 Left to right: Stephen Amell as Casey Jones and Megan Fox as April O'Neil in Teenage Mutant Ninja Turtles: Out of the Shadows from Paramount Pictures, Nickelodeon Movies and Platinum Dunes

• • • • •

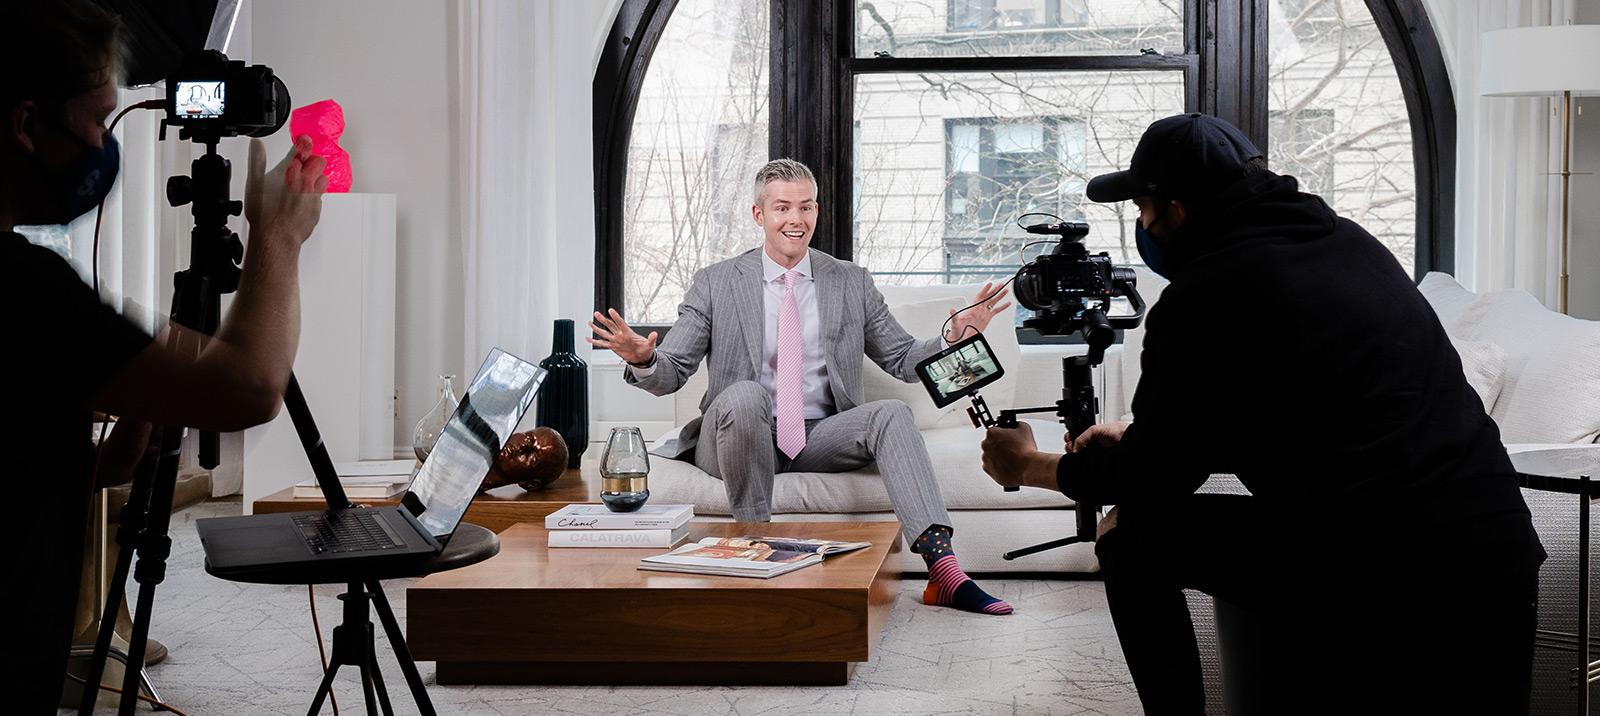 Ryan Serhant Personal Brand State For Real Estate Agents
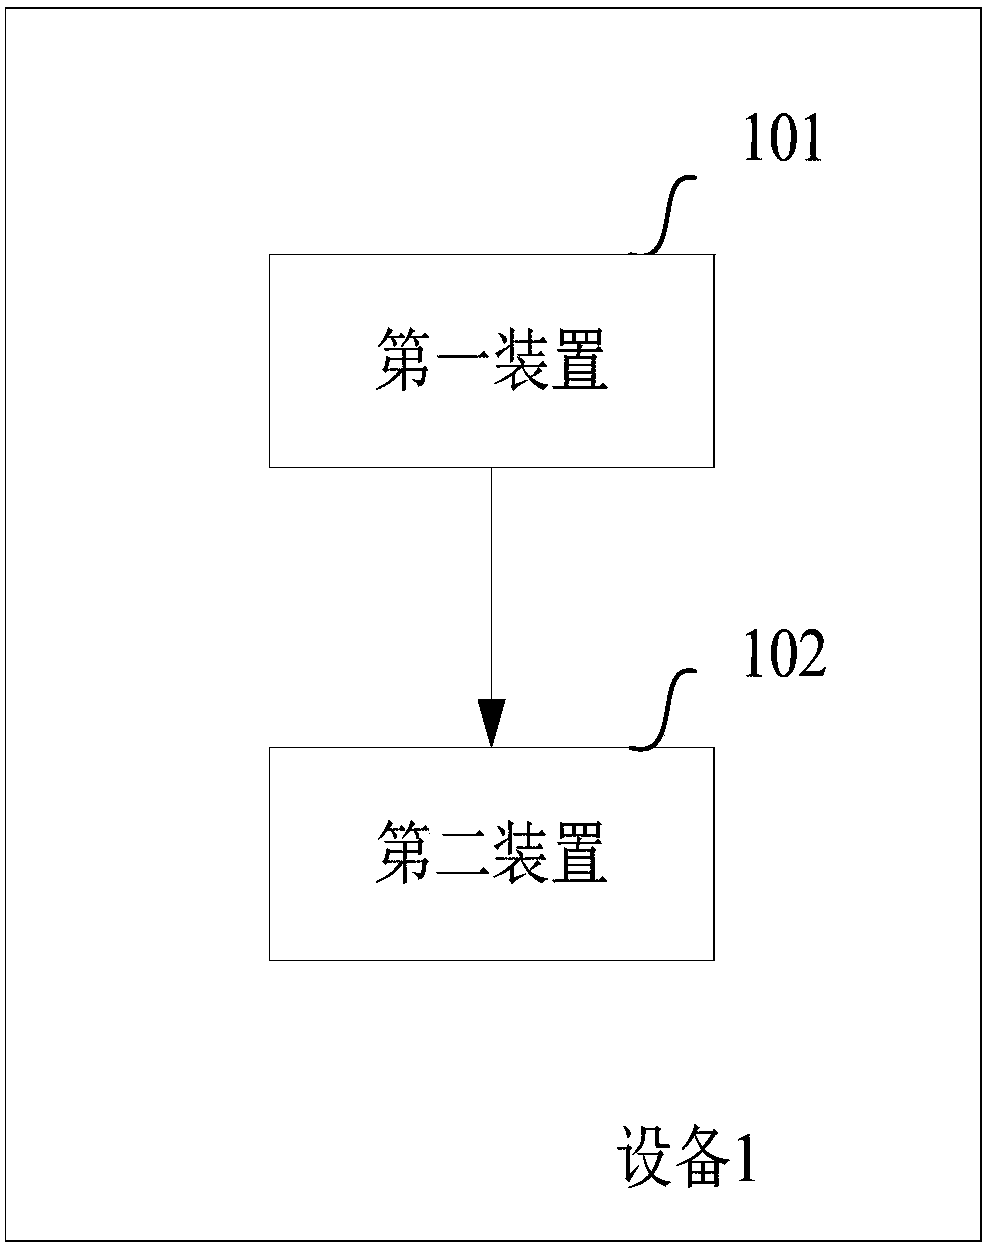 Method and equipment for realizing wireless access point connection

• • • • •

= Work order =
Output exactly the stretch of the listing that begins at the line containing "Ryan Serhant Personal" and ends at the line containing "Method and equipment", both kept. Omit pictures and everything else.

= Completed exercise =
 Ryan Serhant Personal Brand State For Real Estate Agents
 Method and equipment for realizing wireless access point connection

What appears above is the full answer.